I didn’t know that building community could be therapeutic for me until I was literally flat on my back in a Boston psychiatric hospital a few years ago. Here’s how that happened:
Back in 2014, my wife was diagnosed with breast cancer. Of course, she was terrified and it was a very difficult time for her, and for me as someone who loves her. Over the course of several months, perhaps the most challenging months of her life, she had surgery, chemotherapy, and radiation. At the end of that treatment, she was found to be cancer free. That was such a wonderful, memorable moment of relief.
Of course, as anyone who’s been treated for cancer or has been a caregiver for someone being treated, you often hold your breath in terror, praying for hours, and carry stress around wherever you go.
For me as a caregiver, anyway, I was a bit like Wile E. Coyote in the old Roadrunner cartoons, where Wile E. runs off a cliff and as long as his feet keep moving and he doesn’t look down, he miraculously stays afloat. But the moment Wile E. looks down, he just collapses into a pit. That’s exactly what happened to me. I’d been “doing my best” for months, and then suddenly collapsed.

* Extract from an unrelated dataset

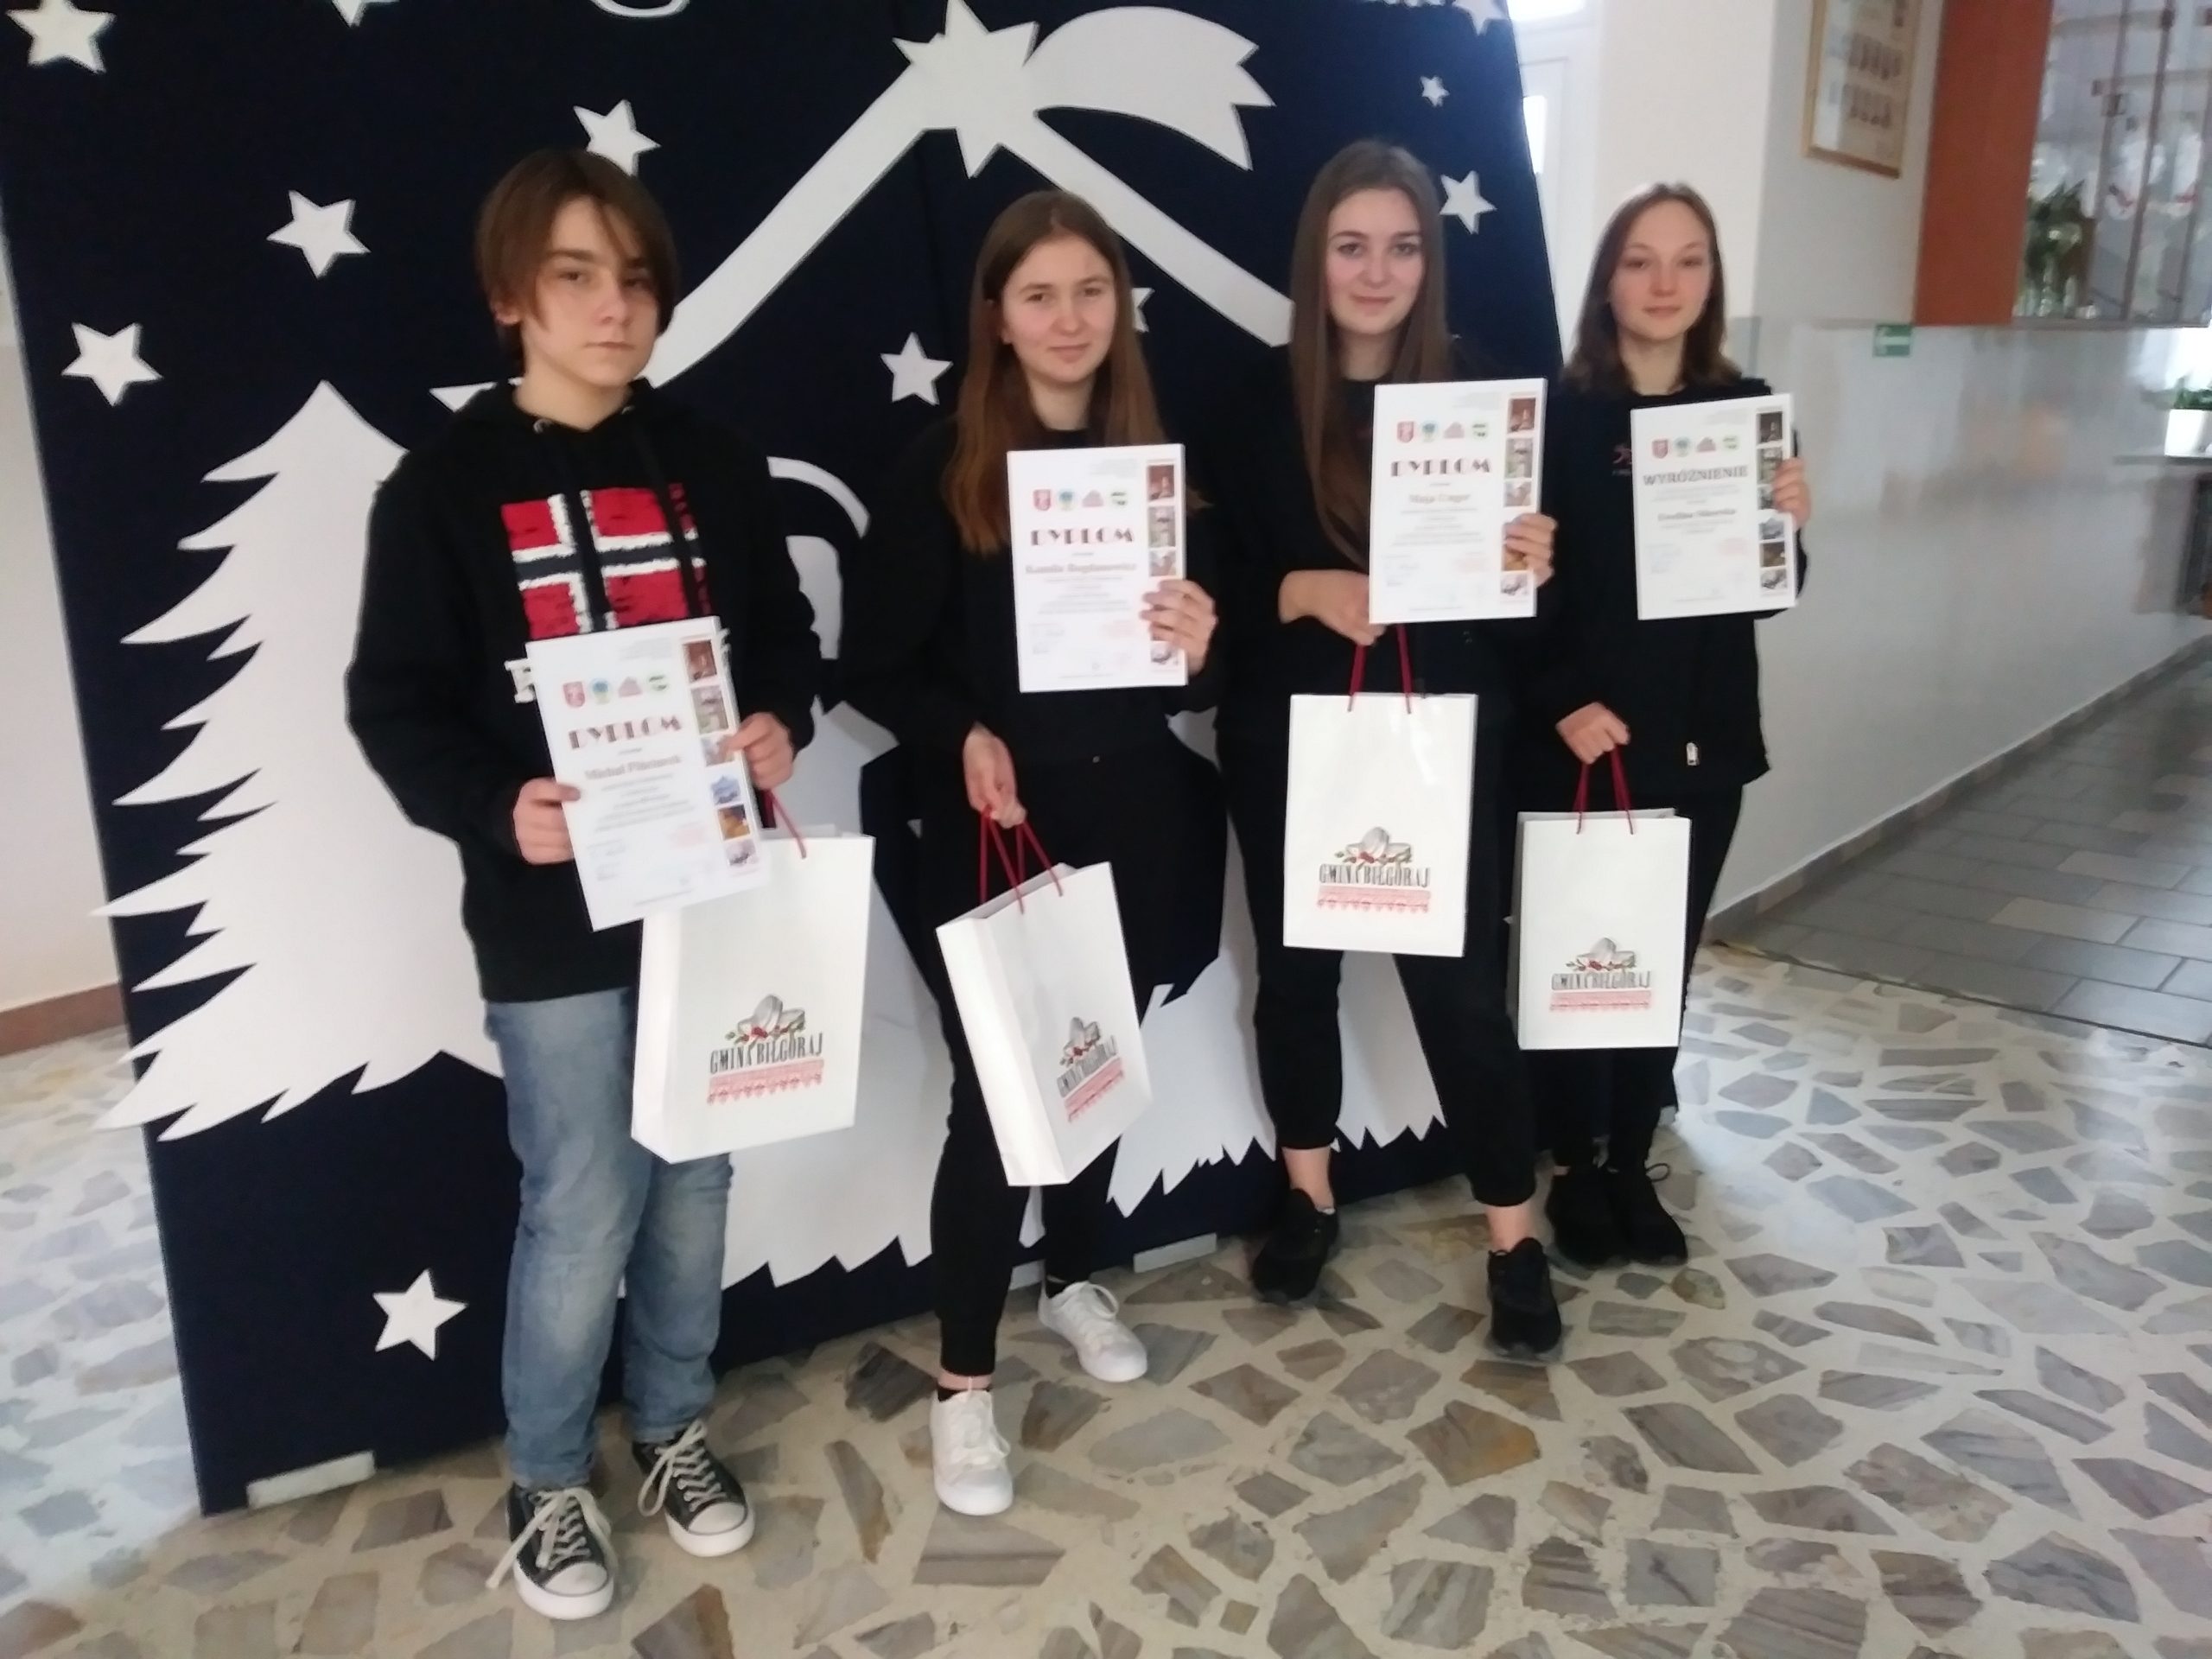 Nasi uczniowie laureatami XXXII Powiatowego Konkursu o Ziemi Biłgorajskiej „Ziemia Biłgorajska w obiektywie”.

I went into work on a Monday morning and hadn’t slept in about three days. I was doing a presentation and, it’s hard to describe exactly what happened next, but I left my body, became completely disassociated, and was suddenly observing myself giving the presentation from across the room. It was a terrifying part of a panic attack. The way that my social anxiety manifests itself is through withdrawal, and I felt that withdrawal severely then.
I talked to my boss and went home for the day. I thought if I could just rest a bit that I’d be fine. But I wasn’t fine. I actually checked myself into a psychiatric hospital that evening. It was about 10 o’clock at night and I was in bed at the hospital. I was so ashamed then. My wife was at home by herself and I didn’t know what was happening with me, and I just laid there in darkness, filled with anxiety.
The light was off, and the door opened and a person came in and got into the other bed in the hospital room. The person started crying and kept crying for about 30 minutes. I couldn’t sleep before and I certainly couldn’t sleep now. I didn’t really know if I felt safe or not with this new person in the room. The psychiatric hospital was a “dual unit” which treated patients with mental health and substance abuse issues.
I thought hard and made a fateful decision. I sat up in my bed in the darkness, as my new roommate continued sobbing. I quietly said to him, across the distance and the darkness, “I don’t know why you’re crying, but if you want to talk about it, I’m here to listen.” I spent a few minutes telling him my story, which I just told you, of how I was like Wile E. Coyote who had suddenly collapsed. After a few minutes, my roommate sat up in bed and started talking to me.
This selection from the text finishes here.